Reviewing Wood’s publicly available social media accounts, Norton writes that the would-be PeaceData writer describes himself as a patriotic Democrat. Wood posted on Facebook on September 4, “Understand, none of this is about me, but about truth, and governmental institutions destroying our world, in Russia, China, and America. I LOVE America, for what it is supposed to be, and for those who make America great!”

Later the same day, Wood posted, “If you hate truth, you might be a Trumpian!” Wood also took credit for what he called the “Russian IRA” shutting down the PeaceData website, and posted “Glad to be of help, #FBI.”

Norton writes: “Colin Munro Wood is the polar opposite of the anti-imperialist leftist that PeaceData was supposedly trying to recruit. So, if this alleged Russian operation was trying to hurt Biden and the Democratic Party, why would it solicit the services of writer who is a moderate Democrat who publicly campaigns for Biden? The narrative makes little sense.”

The Grayzone story also reviews the background and activity of two other publicly named freelance writers—Jack Delaney and Charles Davis—who were supposedly duped by PeaceData into producing content for the site. In both cases, the political views espoused by these individuals were explicitly anti-Russian and hostile to the Putin regime.

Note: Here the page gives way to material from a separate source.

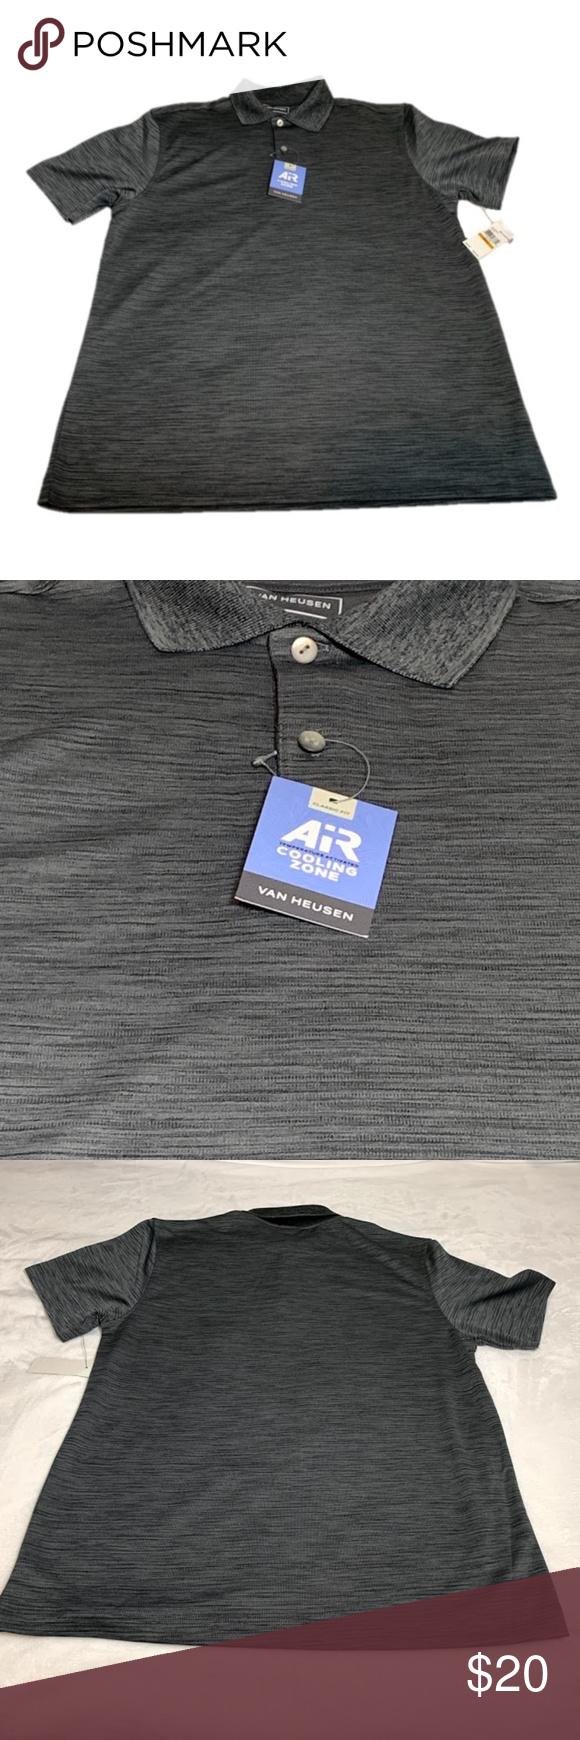 Van Heusen Air Temperature Activated Shirt S New Nwt Fashion Van Heusen Black Vans

He writes of Davis that he “carved a niche for himself as a professional imperial attack dog, dedicating his life to obsessively smearing anti-war leftists in conspiratorial error-filled hatchet jobs, while pushing regime-change propaganda against Syria and Venezuela in opposition mouthpieces funded by the US government and European Union.”

Norton goes on to write that “the possibility must be considered that private contractors for US intelligence agencies borrowed the same tactics they employed during the scandalous 2018 Alabama Senate false flag operation, creating the PeaceData network themselves and falsely posing as Russians in order to smear authentic American independent media outlets as Kremlin-linked disinformation operations, to build the case for ultimately censoring them, and to justify their own paychecks.”

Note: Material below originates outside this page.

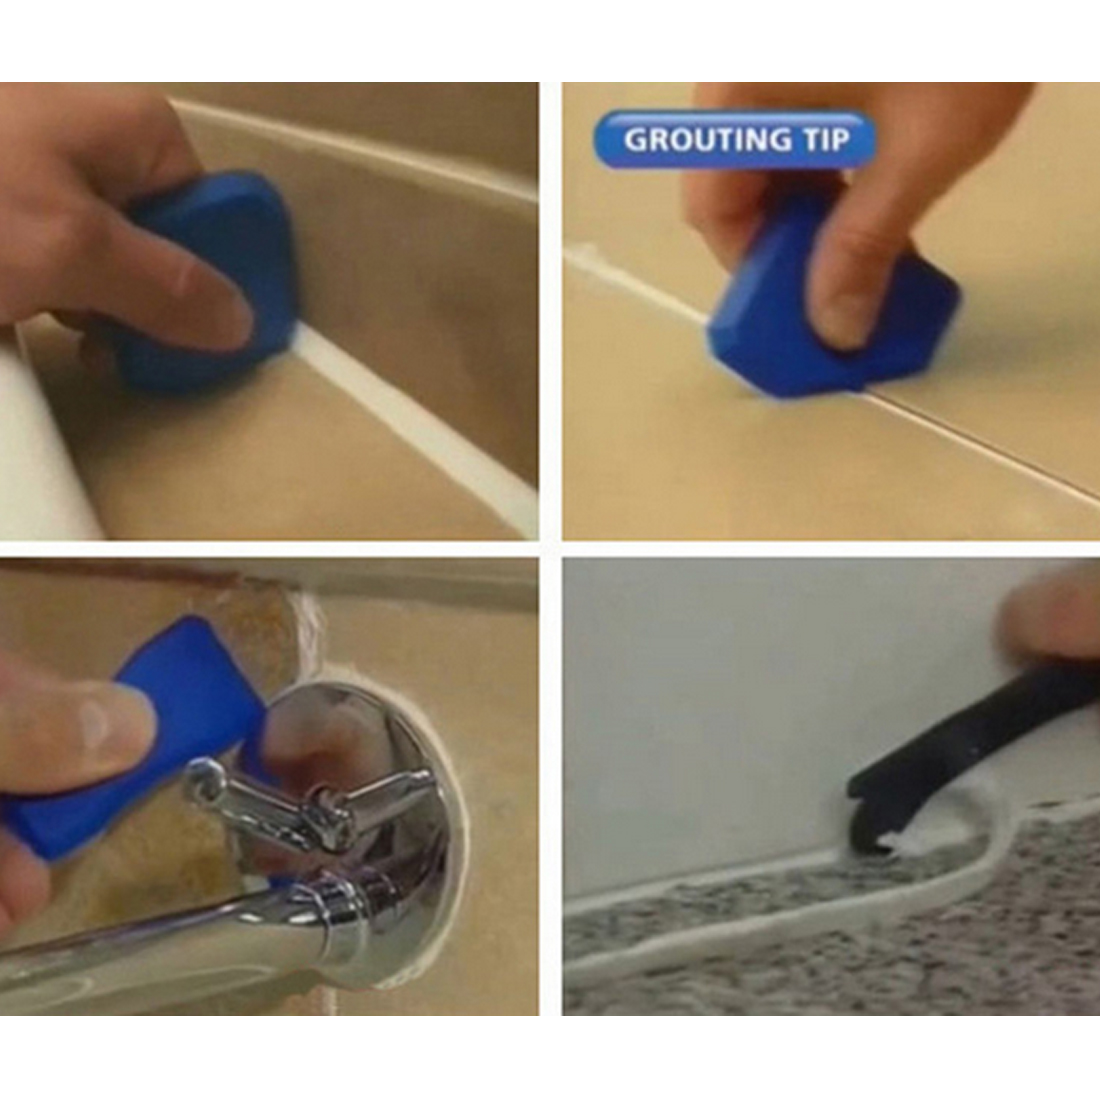 Купить с кэшбэком Professional Caulking Tool Kit Joint Sealant Silicone Grout Remover Scraper Home & Garden Tool Kit Hand Tools

The 2018 Alabama false flag operation was a disinformation campaign claiming that Russian propaganda and internet trolls were attempting to help the right-wing Republican former state Supreme Court judge Roy Moore win an open US Senate seat. Moore was defeated by Democrat Doug Jones by less than 21,000 votes in a special election.

Norton reports that one of the same individuals, Renée DiResta, who was involved in the “Russian bots” false flag operation against Moore was interviewed by the Washington Post after the PeaceData story became public. DiResta was interviewed as someone who “tracked the strategy” of alleged Russian “disinformation operatives” like PeaceData, and studied how they recruited “unwitting locals.”

Norton writes that DiResta “boasts on her website that she advised the US State Department and Congress, and she is closely linked to the Democratic foreign policy establishment in Washington. DiResta is a member of the US government-linked Council on Foreign Relations and currently serves as a national security fellow at the neoconservative think tank the Truman National Security Project.”

The entire PeaceData episode is a warning to the working class. The US intelligence state is working with the Democratic Party and the corporate news media to perfect McCarthyite methods of labeling left-wing and socialist political organizations and publishers as part of a Russian interference campaign. A primary target of this effort is the WSWS, which is gaining a growing audience within the American and international working class for its program of socialist internationalism.

As the WSWS explained in September: “The greatest absurdity is the suggestion that America would be a Garden of Eden if it were not for the Russian serpent. This is under conditions of mass protests in the streets against police killings, homicidal right-wing violence against demonstrators, a death toll from the coronavirus pandemic approaching 200,000, and nearly 30 million people thrown out of work—a massive and unprecedented social, political and economic crisis.”